Pet retailer set to become one of Dayton’s largest private employers

Pet retailer Chewy might hire twice as many workers at its new fulfillment center as initially projected, which would place it among the larger private employers in the city.

The e-commerce pet supplies company committed to employing about 600 workers within a few years of moving into a new facility on Lightner Road at the Dayton International Airport.

But Pete Krillies, Chewy’s vice president of real estate and facilities, told the Dayton Daily News its actual payroll could top more than 1,000 in that time.

MORE: Dayton might give pet retailer $450k for to lure 600 new jobs

“With the ramp up we’re going to have with this building, that number could double in the first three years,” he said.

The airport has turned into a regional job engine, and conservative estimates indicate that the first five new facilities at the airport could employ about 2,200 workers.

Chewy, an online retailer based in Dania Beach, Fla., is going to occupy a 690,500-square-foot building at the airport that is under construction. Chewy expects to move in by the end of June.

Late last year, Chewy officials said the new fulfillment center would bring about 600 jobs to the area.

But this week, Krillies said the actual number of new workers could be double that estimate.

The new facility has the capacity for around 1,500 workers. Krillies said his company should know more about the employment plans within the first year of the facility’s operation.

New jobs will include everything from material handling to office administration to forklift operators and skilled positions, Krillies said.

MORE: Report: Pet supplies company signs lease on huge facility near Dayton airport

The new facility will be Chewy’s Midwest hub, which will help the company achieve its goal of getting packages to customers within 48 hours of orders being placed, Krillies said.

The company, which was purchased by PetSmart in 2017, stands out from the competition because of its culture and major focus on customer service, Krillies said.

The 7-year-old company has been growing quickly and by far holds the largest segment of the online pet food and supplies market.

Dayton’s facility will be its eighth U.S. fulfillment center, which may follow the lead of some of Chewy’s other fulfillment centers that far exceeded the original job projections.

Chewy's fulfillment center in Wilkes-Barre, Pa., originally was expected to employ about 600 workers, according to reports at the time.

Later, the company said the center "eventually" was supposed to grow to 1,000 employees, according to the Times Leader.

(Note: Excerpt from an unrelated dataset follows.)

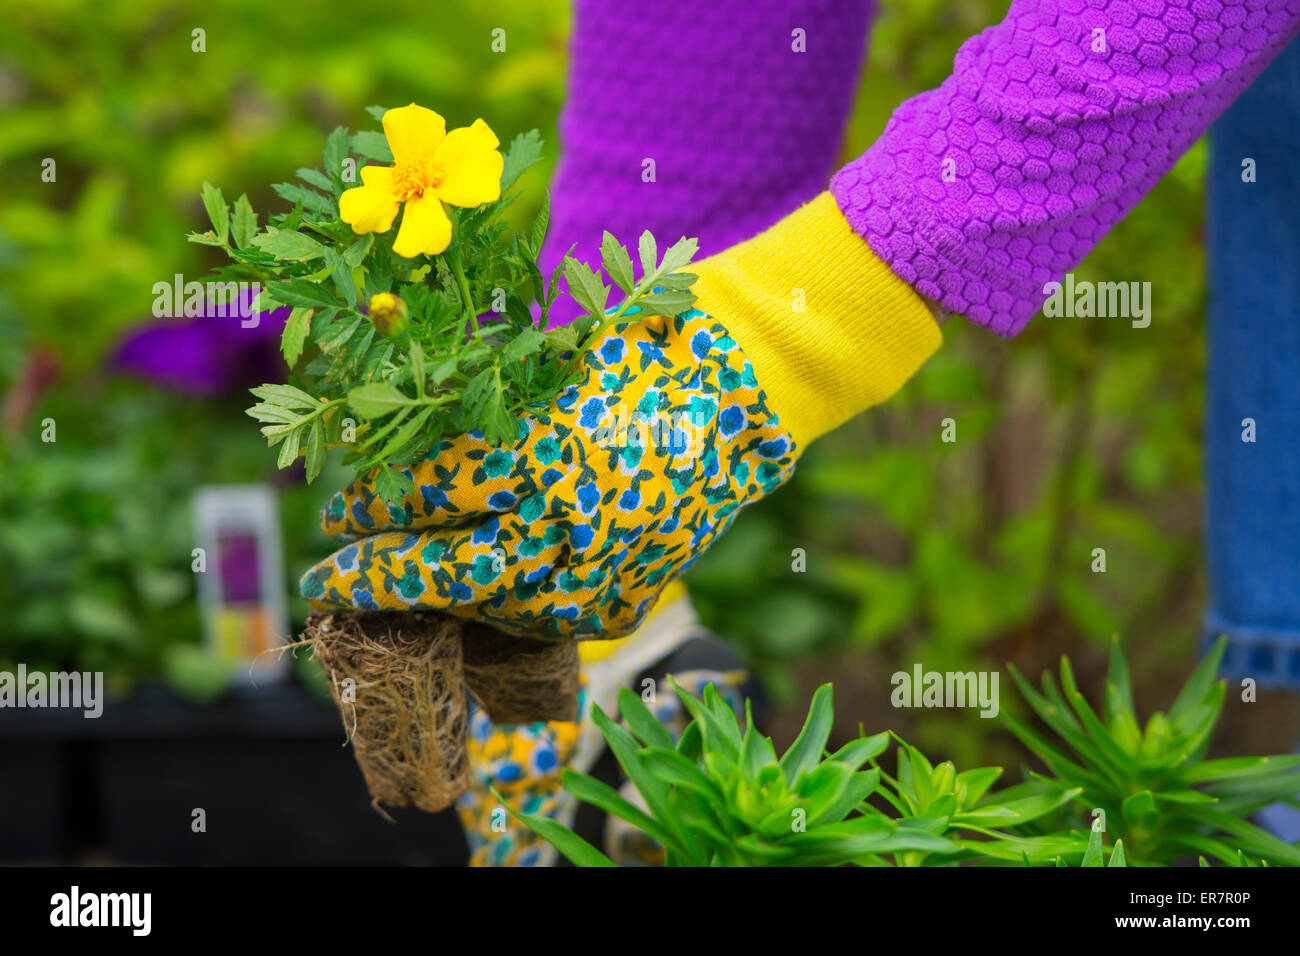 Gardening, Planting,  Flowers,  Woman holding flower plants to plant in garden, woman's hands in Gardening Gloves Stock Photo

Eventually came quickly: The payroll grew to 1,000 in less than one year.

Late last year, the center had hired about 1,400 workers and were looking for 200 more, according to the Citizens' Voice.

MORE: Ohio OKs credits to bring 600 Chewy.com jobs to Dayton, 1,400 jobs to region

Dayton’s fulfillment center may get a lot more than 600 jobs if Chewy adds shifts as it ramps up, said Terry Slaybaugh, Dayton’s director of aviation.

Spectrum Brands, which moved into a large facility at the Dayton airport, expected to employ about 345 people at the property. But Slaybaugh said it flexes up to more than 500 workers during busy times.

Dayton was one of four “finalist” locations Chewy was considering, and location was the most important consideration, Krillies said.

But Dayton’s culture, labor force and strong partnerships between economic agencies and organizations made it rise above the rest, he said.

Chewy, which has agreed to lease the building for 10 years, chose Dayton in large part because of its proximity to the company’s customers and the available workforce, said Erik Collins, Montgomery County’s director of community and economic development.

The city of Dayton agreed to provide Chewy with up to $450,000 through an annual performance grant.

The city will make five payments to Chewy over five years. The payments will be equal to a quarter of Chewy’s prior year payroll income tax withholdings.

“We are tying this grant to jobs that will be created and income tax revenue that we will have received in hand,” said Ford Weber, Dayton’s economic development director.

This was a very competitive project that will result in $45 million of capital investment in the site, Weber said.